# Natural Stabilizer?



## vikingknight (Mar 11, 2008)

I am new to the forum and wine making. My spouse is sensitive to campden is their a way to stabilize wine naturally (in case it matters I am using bread yeast, my spouse wanted to try it)? We would like to make a sweet wine but we are worried about re-fermentation after adding sugar. 

Thanks


----------



## Sacalait (Mar 11, 2008)

Potassium sorbate is the stabalizer (prevents renewed fermentation) and camden is potassium metabisulfite which is a preservative. As for sweetening the wine and not adding the sorbate, the only way I know of would be to keep it refrigerated. This would prevent it from fermenting but would not prevent it from oxidizing over time.


----------



## Luc (Mar 11, 2008)

vikingknight said:


> I am new to the forum and wine making. My spouse is sensitive to campden is their a way to stabilize wine naturally (in case it matters I am using bread yeast, my spouse wanted to try it)?

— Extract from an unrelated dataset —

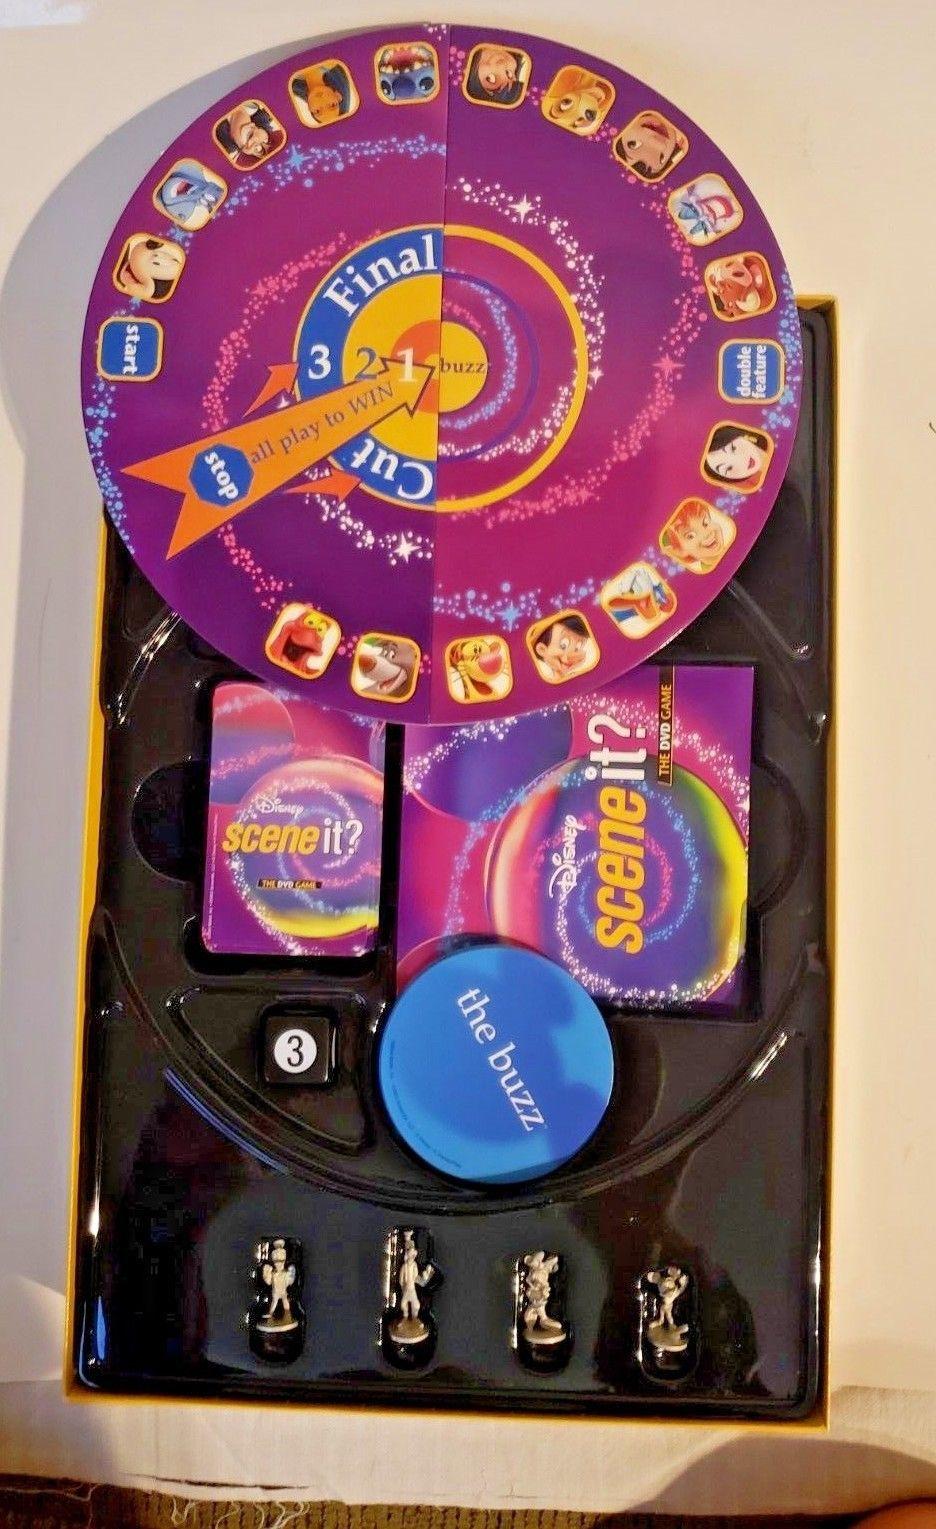 Disney Scene It! The DVD Game 1st Edition 2004 Mattel Pixar Characters!!!! image 4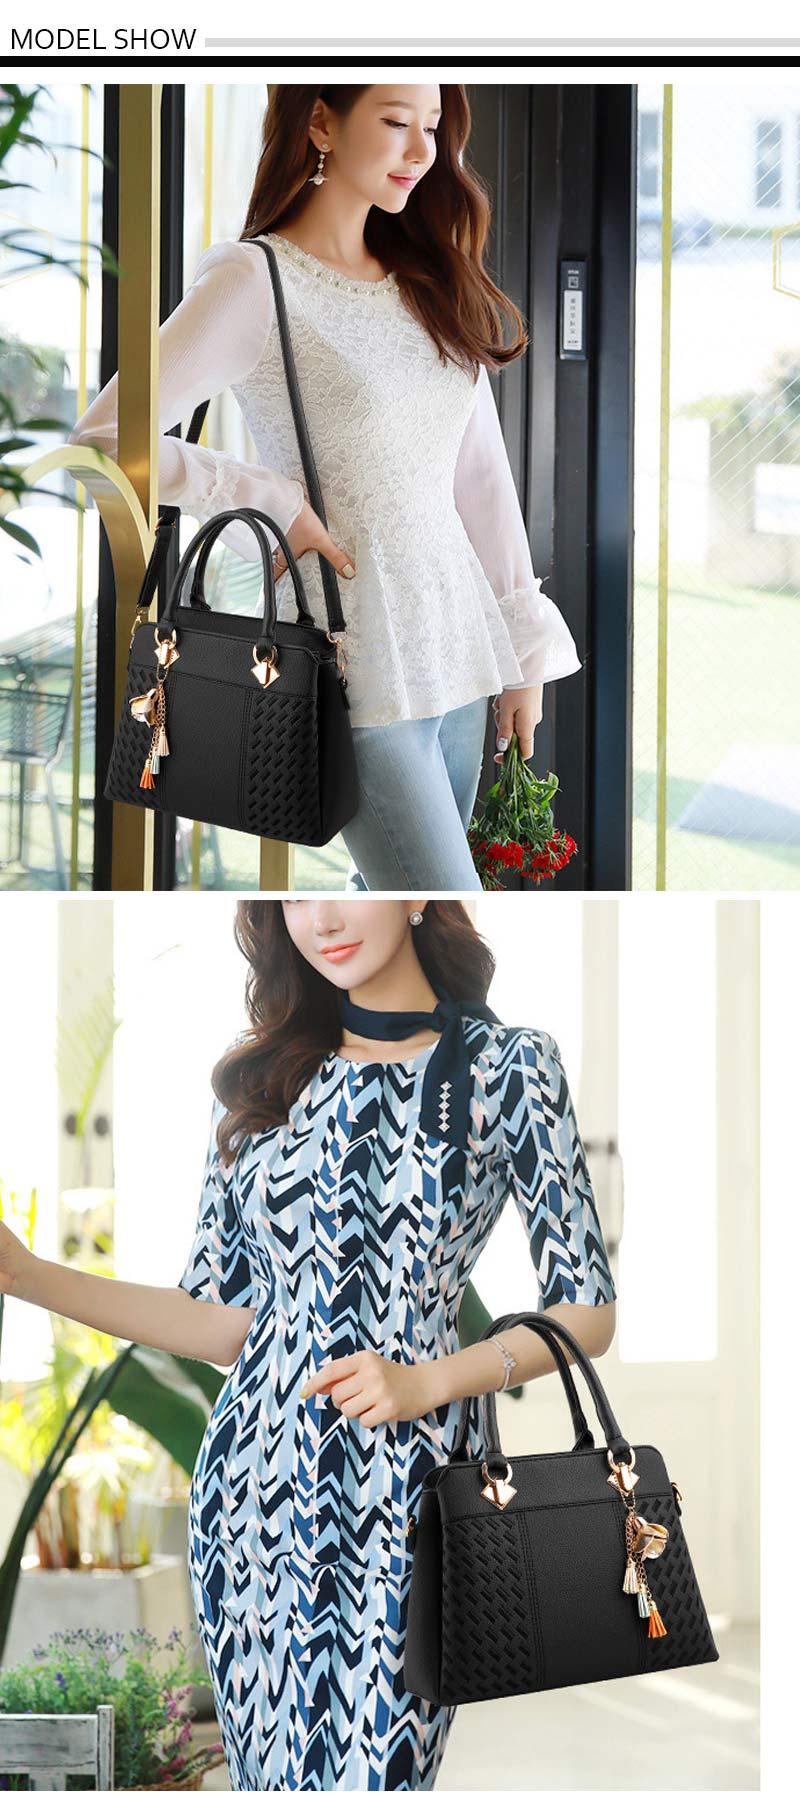 STSR Leather Clutch Bag Female Handbag Luxury Beach Tote Ms. Fringe Shoulder Bag Tote gray one size 20

We would like to make a sweet wine but we are worried about re-fermentation after adding sugar.
> 
> Thanks



You could bring the alcohol up to a level where
no yeast could survive.
Then rack off the lees and add sugar top a desired level.

The problem is that you can not be sure at which level bread yeast
would stop fermenting, but you could keep feeding it
sugar in batches until fermentation is done.

Luc


----------